Typical Procedure for the Preparation of 3-Acylindoles 2 Omitting the Isolation of Enaminone Intermediates To a stirred solution of 2-iodoaniline (109.5 mg, 0.5 mmol) in MeOH (1.0 mL), 1,3-diphenylprop-2-yn-1-one (154.5 mg, 0.75 mmol) was added at r.t. The reaction mixture was warmed at 120 ˚C and stirred for 48 h. After that period the volatile materials were evaporated at reduced pressure, and CuI (4.8 mg, 0.025 mmol), 1,10-phenanthroline (4.5 mg, 0.025 mmol), K2CO3 (138.0 mg, 1.0 mmol), and DMF (4 mL) were added.
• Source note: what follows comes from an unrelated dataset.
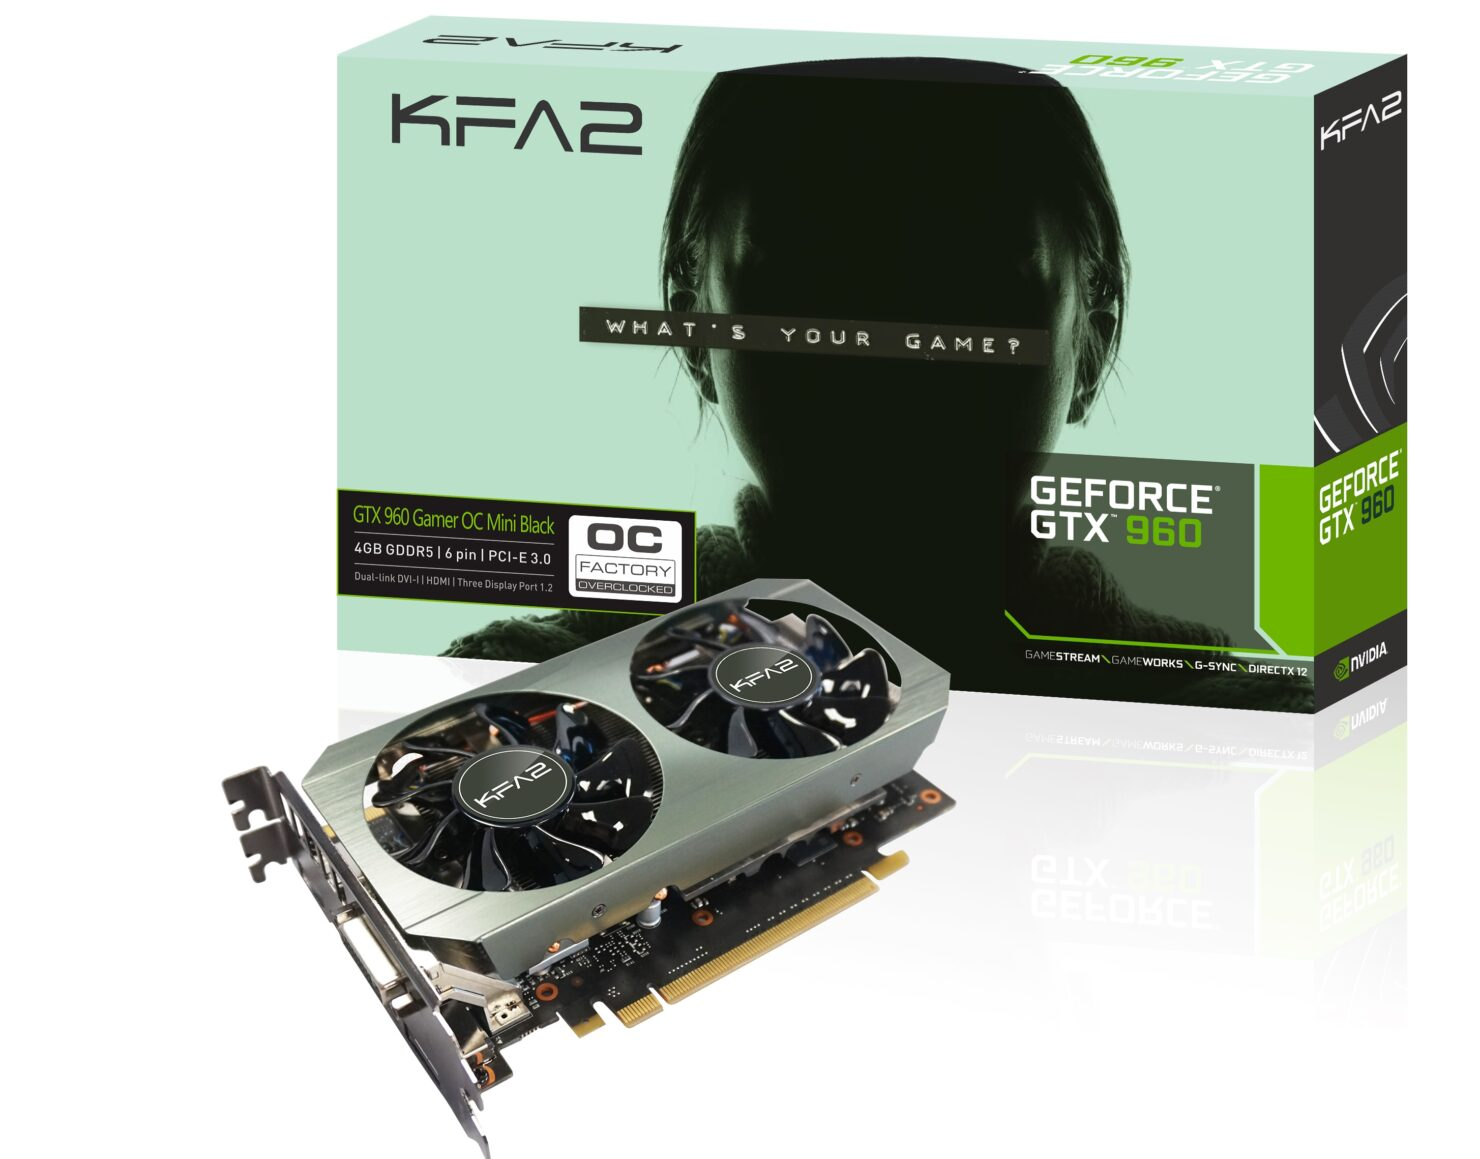 kfa2-gtx960-gamer-oc-boxcard

The reaction mixture was warmed at 100 ˚C and stirred for 2.5 h. After cooling, the reaction mixture was diluted with Et2O, washed with1 N HCl and brine, dried over Na2SO4, and concentrated under reduced pressure. The residue was purified by chromatography on SiO2 [n-hexane-EtOAc, 75:25] to afford 106 mg (76% yield) of 2a: white solid; mp 223-224 ˚C. IR (KBr): 3055, 1593, 1564, 1450, 1421 cm. ¹H NMR (400 MHz, DMSO-d 6): δ = 12.19 (br s, 1 H), 7.75 (d, J = 7.9 Hz, 1 H), 7.54-7.51 (m, 3 H), 7.40-7.35 (m, 3 H), 7.26-7.10 (m, 7 H). ¹³C NMR (100.6 MHz, DMSO-d 6): δ = 192.6, 144.6, 140.3, 136.3, 132.1, 131.8, 130.1, 129.6, 129.0, 128.7, 128.5, 128.3, 123.4, 121.9, 121.1, 112.7, 112.4. Anal. Calcd for C21H15NO: C, 84.82; H, 5.08. Found: C, 84.71; H, 5.19.